Wyróżnione Nagrodą Nobla odkrycie ma znaczenie praktyczne, "tłumaczy" m.in., jak nasz układ odpornościowy reaguje na infekcje, jak można opracować szczepionkę przeciwko danej chorobie, czy jakie są podstawy elementarnych procesów biologicznych – wyjaśnia dr Richert. - Poprzez te interpretacje jesteśmy w stanie odpowiedzieć na pytanie podstawowe w genetyce ewolucyjnej, a mianowicie "skąd pochodzimy".
Badania potwierdziły, że Homo sapiens po raz pierwszy pojawił się w Afryce około 300 tys. lat temu. W tym czasie neandertalczycy zamieszkiwali Europę i Azję Zachodnią. Około 70 tys. lat temu grupy migrowały z Afryki na Bliski Wschód, skąd rozprzestrzeniły się na resztę świata.
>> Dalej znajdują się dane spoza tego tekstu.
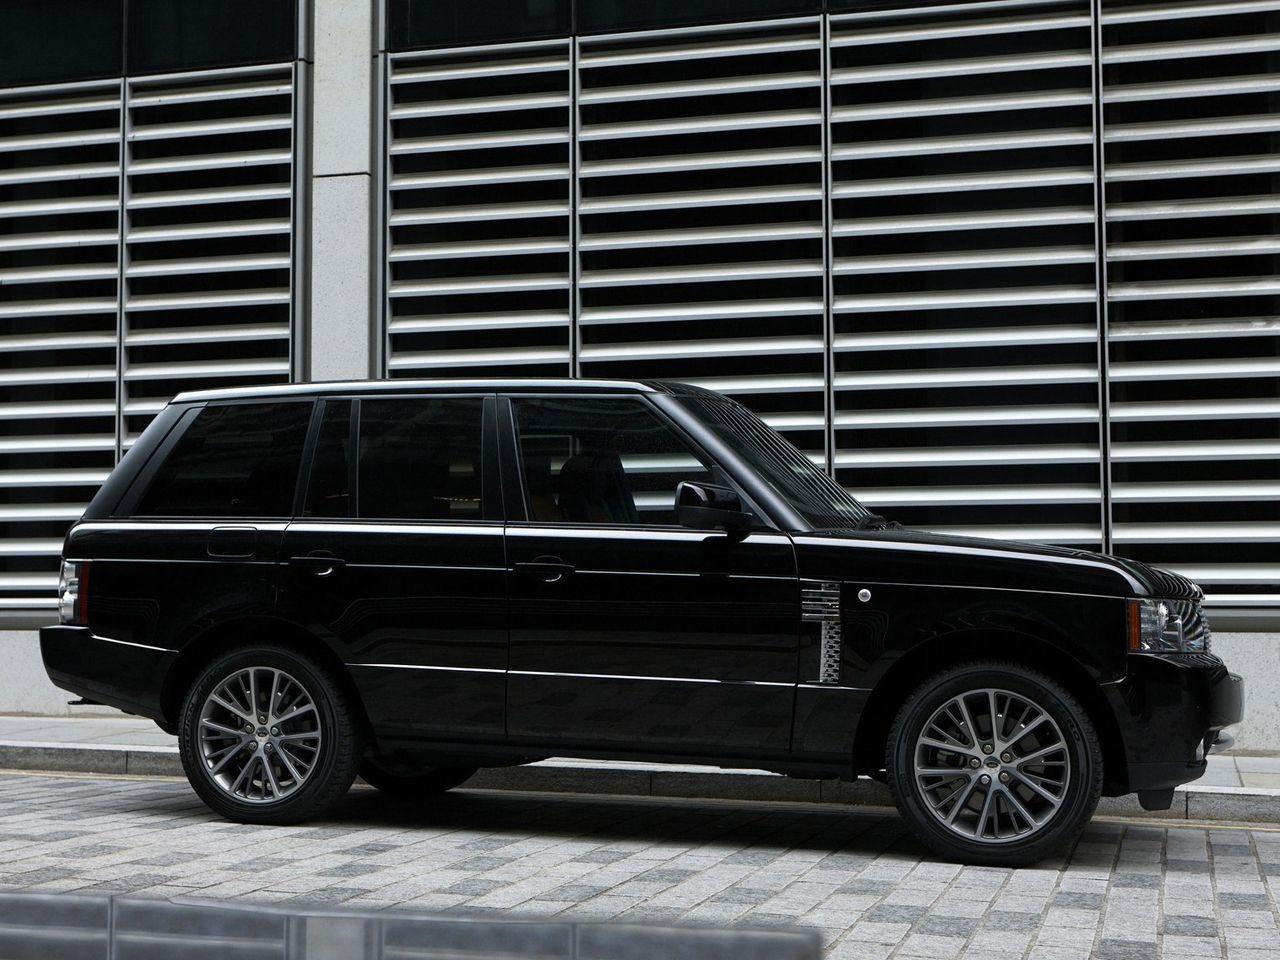 Range Rover, blacked out. Range rover, Land rover, Range
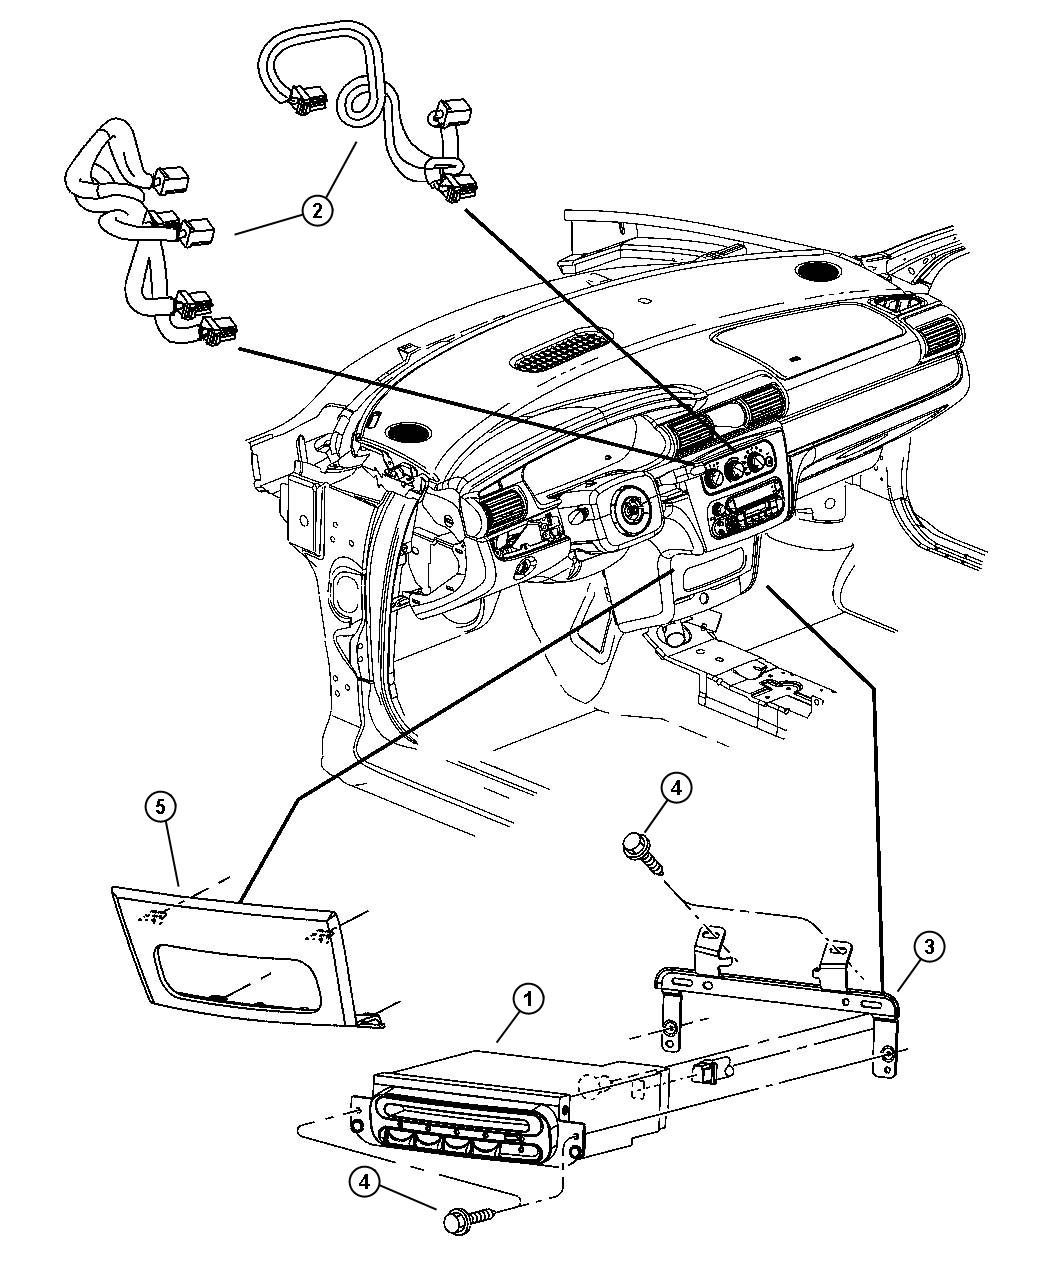 Chrysler Sebring Wiring Compact Disc Changer

Homo sapiens i neandertalczycy współistnieli więc na dużych obszarach. Analizy porównawcze wykazały, że sekwencje DNA neandertalczyków były bardziej podobne do sekwencji współczesnych ludzi pochodzących z Europy lub Azji niż do współczesnych ludzi pochodzących z Afryki. Oznacza to, że podczas tysiącleci współistnienia obie grupy krzyżowały się ze sobą. U współczesnych ludzi o europejskim lub azjatyckim pochodzeniu około 1-4 proc. genomu pochodzi od neandertalczyków.
W 2008 r. w jaskini Denisova w południowej części Syberii odkryto liczący 40 000 lat fragment kości palca. Zawierała dobrze zachowane DNA, które zespół Pääbo poddał sekwencjonowaniu. Okazało się, że sekwencja DNA była unikalna w porównaniu ze wszystkimi znanymi sekwencjami pochodzącymi od neandertalczyków i współczesnych ludzi. Pääbo odkrył nieznanego wcześniej hominina, któremu nadano imię Denisova. Porównania z sekwencjami pochodzącymi od współczesnych ludzi z różnych części świata wykazały, że przepływ genów nastąpił również pomiędzy Denisowianinem a Homo sapiens. Związek ten po raz pierwszy zaobserwowano w populacjach z Melanezji i innych części Azji Południowo-Wschodniej, gdzie osobnicy noszą do 6 proc. DNA Denisova.
Svante Pääbo urodził się w 1955 roku w Sztokholmie. Obronił pracę doktorską w 1986 r. na Uniwersytecie w Uppsali i był stypendystą podoktorskim na Uniwersytecie w Zurychu, a następnie na Uniwersytecie Kalifornijskim w Berkeley. W 1990 r. został profesorem na Uniwersytecie w Monachium. W 1999 roku założył Instytut Antropologii Ewolucyjnej im. Maxa Plancka w Lipsku. Jest też adiunktem Instytutu Nauki i Technologii na Okinawie.